Copy exactly the stretch of lines from the one holding "Prescription Opioids Are" through the last line of the data below, inclusive. Leave out pictures.

#### [Stored data]
>>>
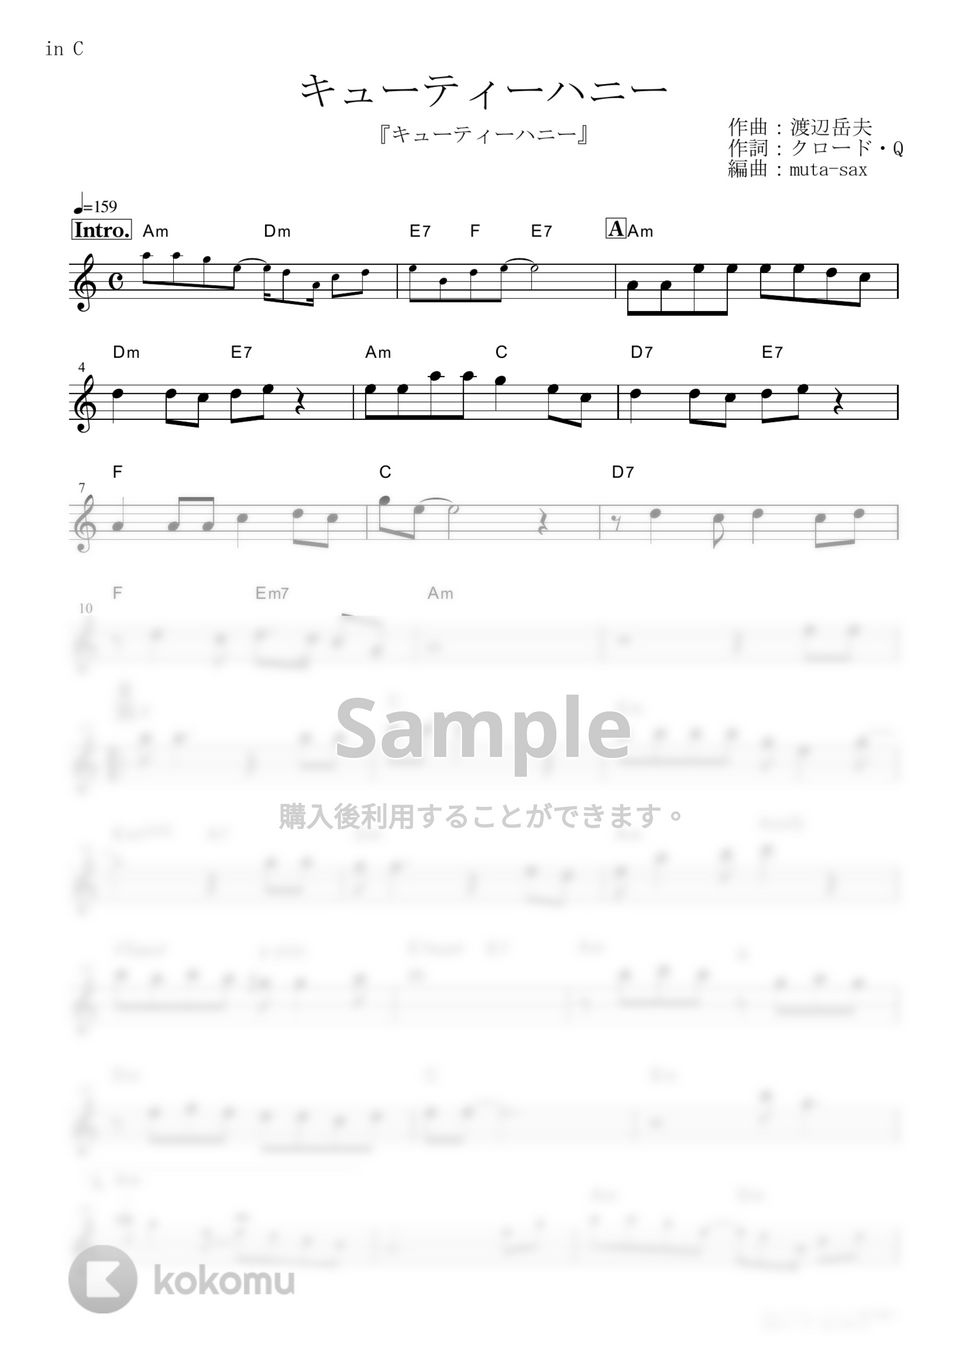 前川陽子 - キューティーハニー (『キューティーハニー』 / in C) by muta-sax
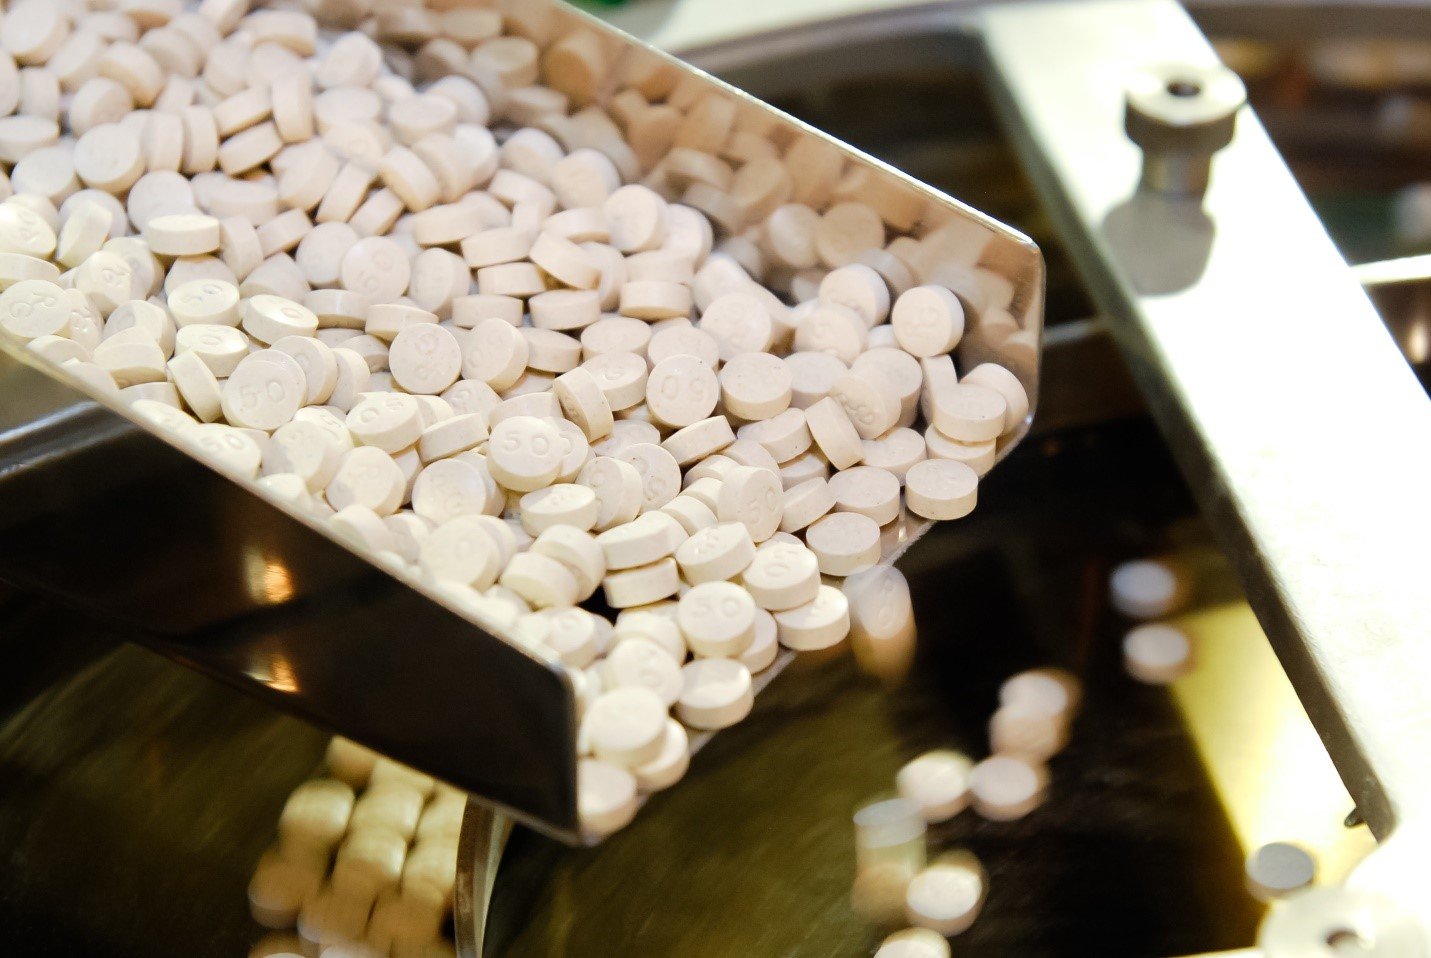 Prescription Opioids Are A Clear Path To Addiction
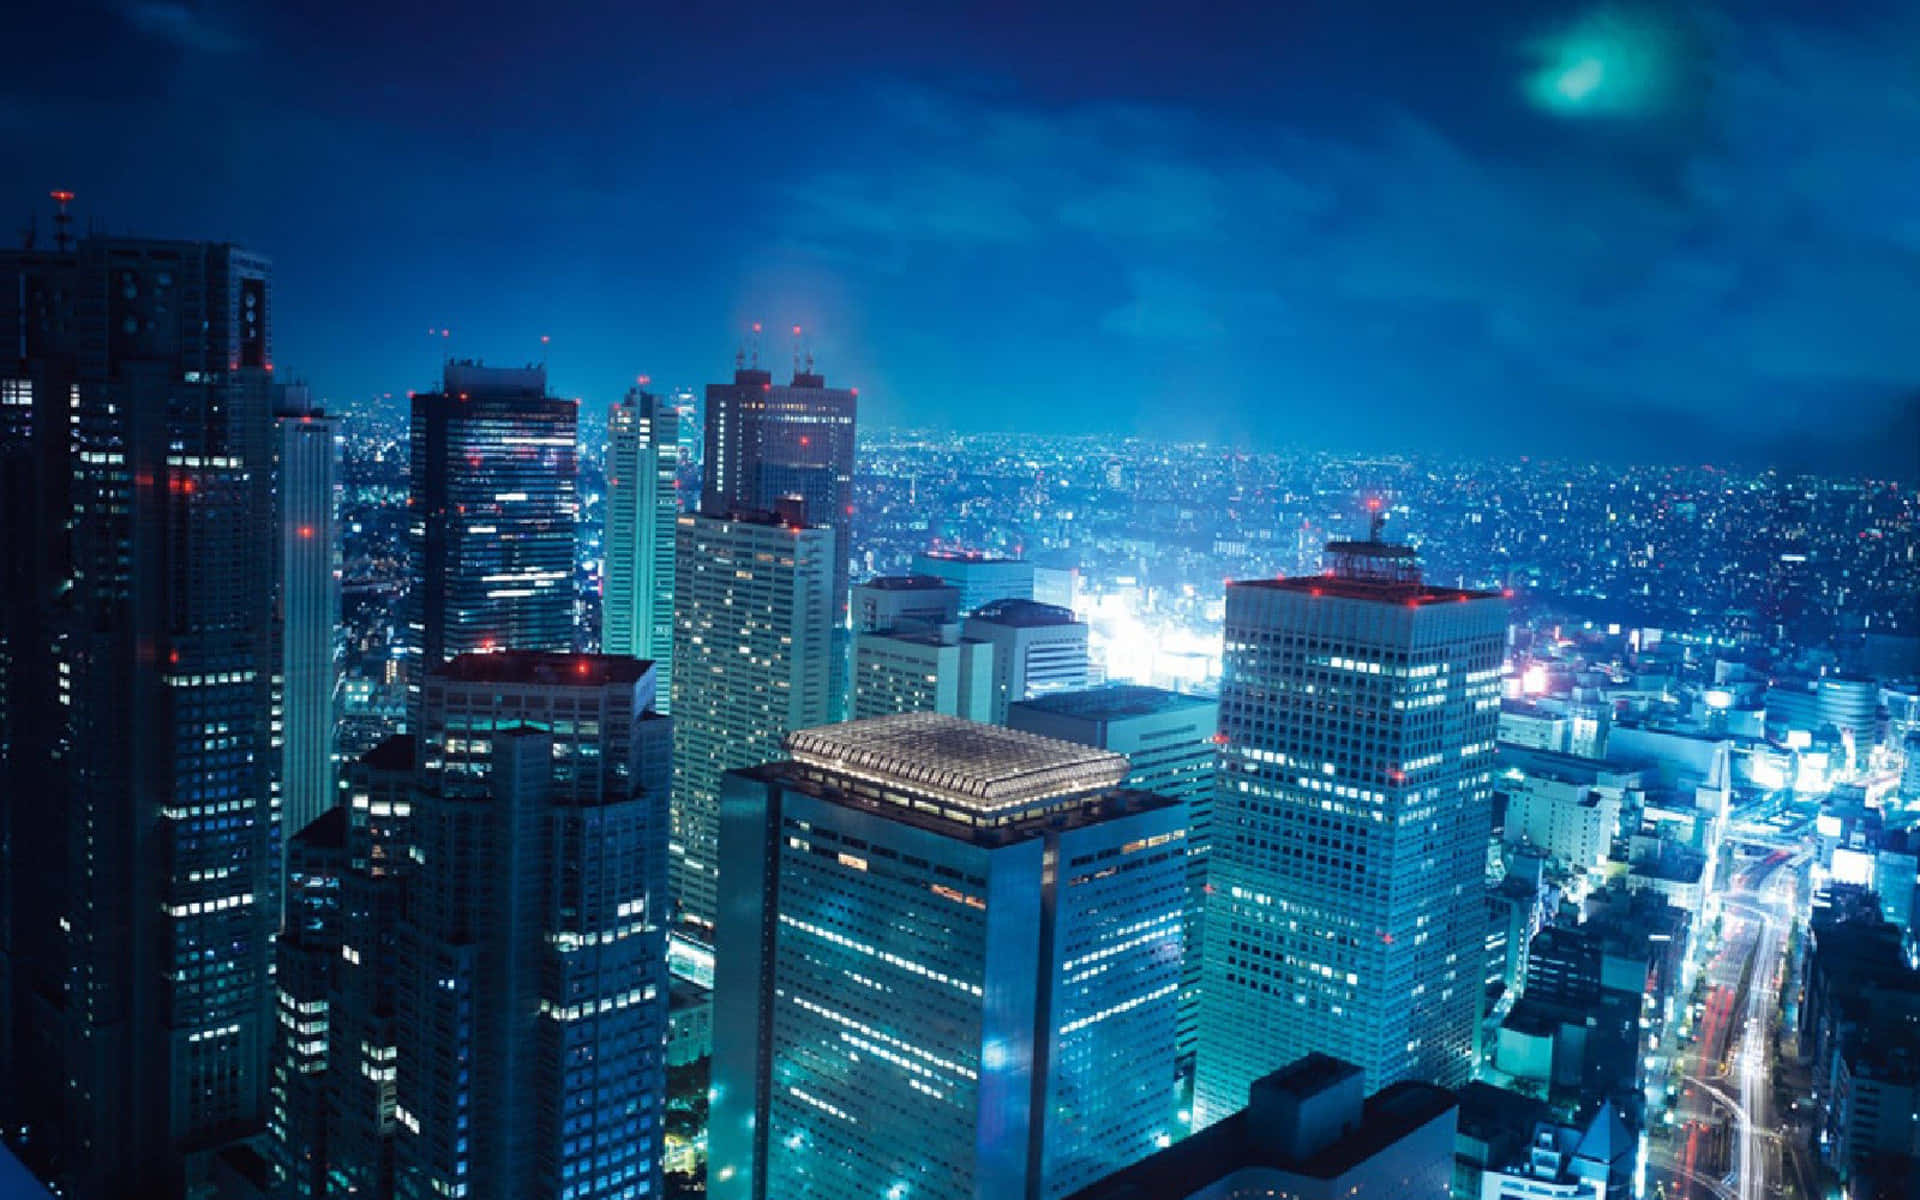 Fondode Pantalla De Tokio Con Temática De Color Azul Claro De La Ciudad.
<<<
#### [Result]
 Prescription Opioids Are A Clear Path To Addiction
 Fondode Pantalla De Tokio Con Temática De Color Azul Claro De La Ciudad.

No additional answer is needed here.